William came on a post-university break to watch "hopefully, an ultimately triumphant Lions tour of New Zealand", fitting it in before a safari holiday in Kenya and his likely next step into military training.
As prices go, he was a bargain-basement visitor, costing the taxpayers about $120,000. His father's tour four months earlier cost $250,000.
William did not set the blistering pace of Prince Charles, but ask any female who saw him and they will tell you it was twice the royal for half the price.
He was met by Prime Minister Helen Clark and Governor-General stand-in Dame Sian Elias, looking for all the world like the gleeful schoolgirl whose pigtail has just been pulled by the class stud.
From then, it was all stock fare of a royal with training wheels still attached, as the Daily Telegraph pointed out.
William stood in as the Queen's representative for the first time on a blustery Sunday, laying a poppy on the tomb of an unknown soldier.
At its end, the BBC's Nicholas Wichtel noted, it was the moment William had delayed for as long as he could, but that the Prince "seemed suddenly at ease with it".
The royal media - released from the bond which kept them away while William was at university - trailed about after him, ears flapping.
The sightings of William off-duty in New Zealand were hardly scandalous: William has a hot chocolate with three marshmallows at a Wellington cafe; William goes skiing.
A desperate bid for news saw a plane diverted from Invercargill to Christchurch because of fog reported as an "air scare".
William's was a trip characterised by informality.

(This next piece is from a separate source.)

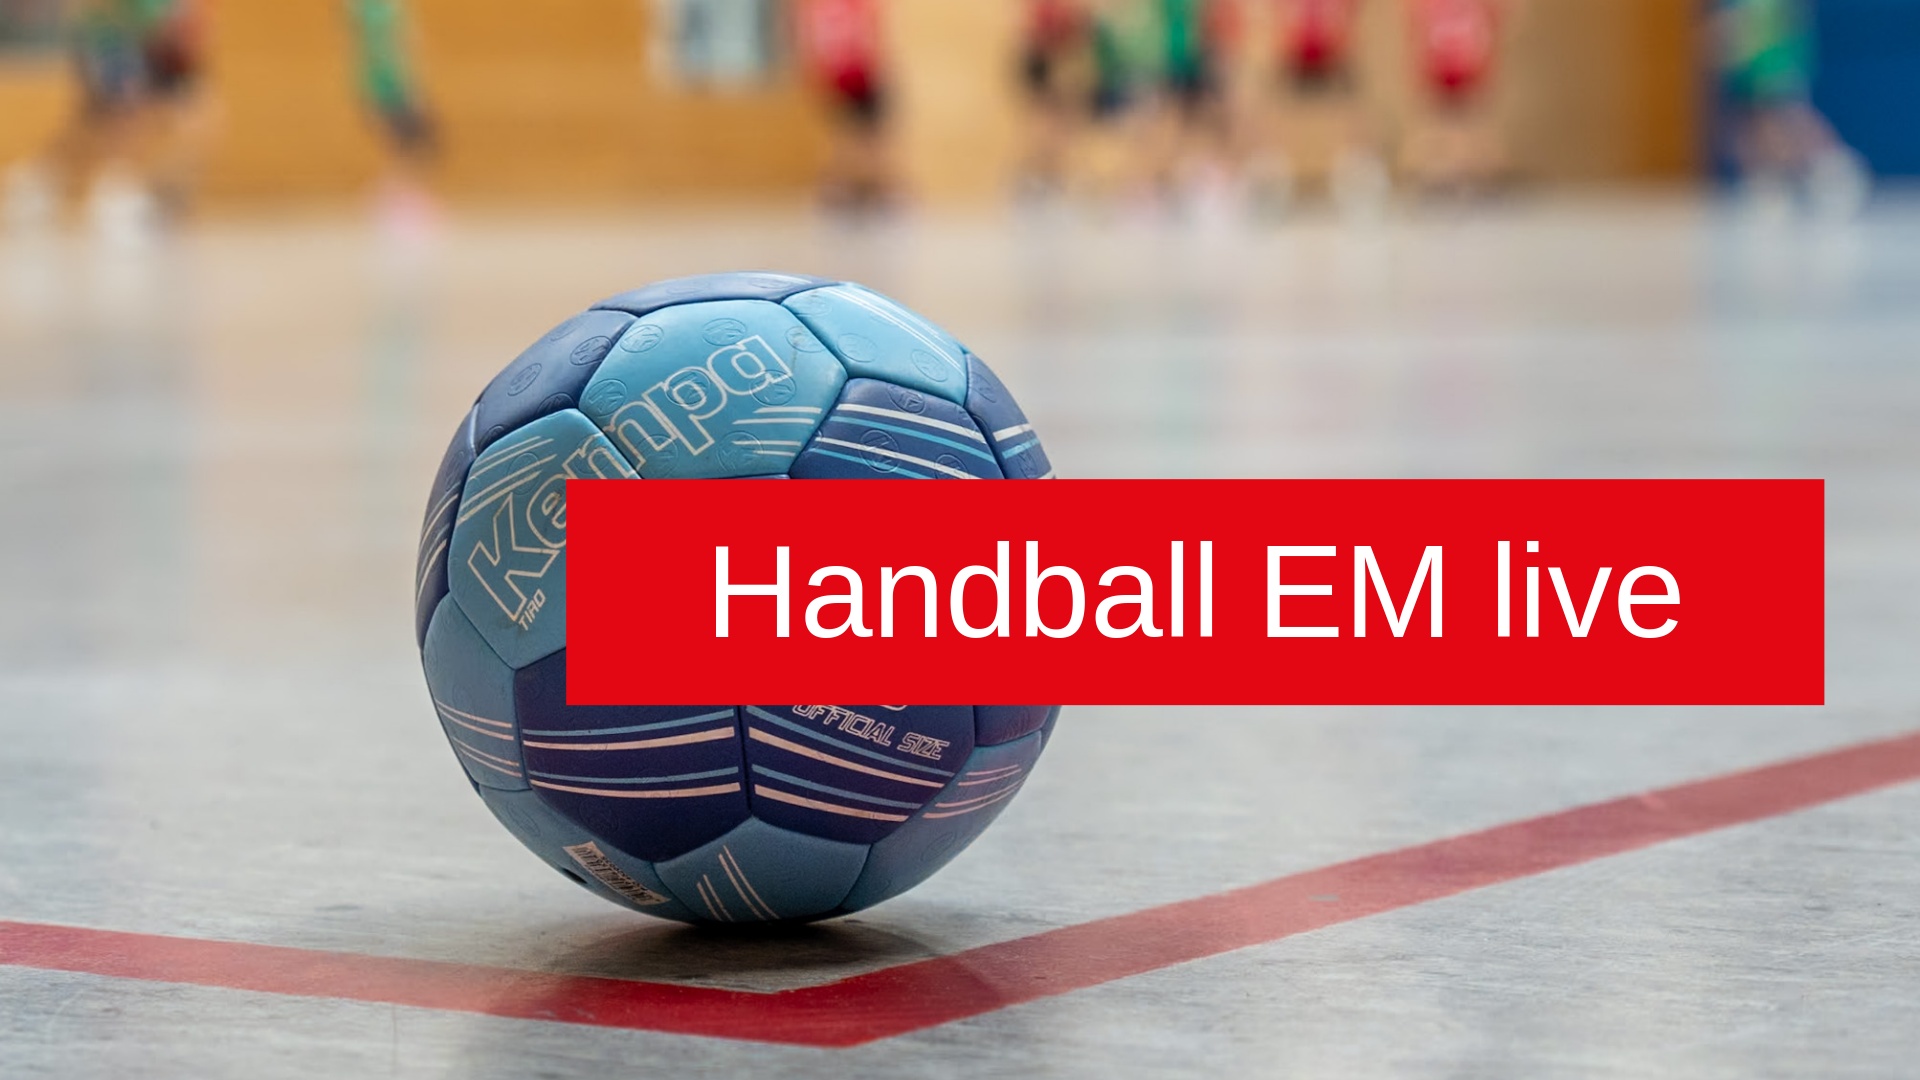 Handball EM live

He flew with the commoners. He strolled about in fleece jackets, jeans and battered sneakers.
Young women, old women, middle-aged women and small children went to see him, from 150 in Wellington, to about 500 in Auckland. Some squealed. There were not many men.
"He's hot," said Katie Gibbons, 20, at Wellington Airport.
"I'm not too old to appreciate a handsome man," said the self-confessed elderly Margaret outside the Waitakere Aquatic Centre.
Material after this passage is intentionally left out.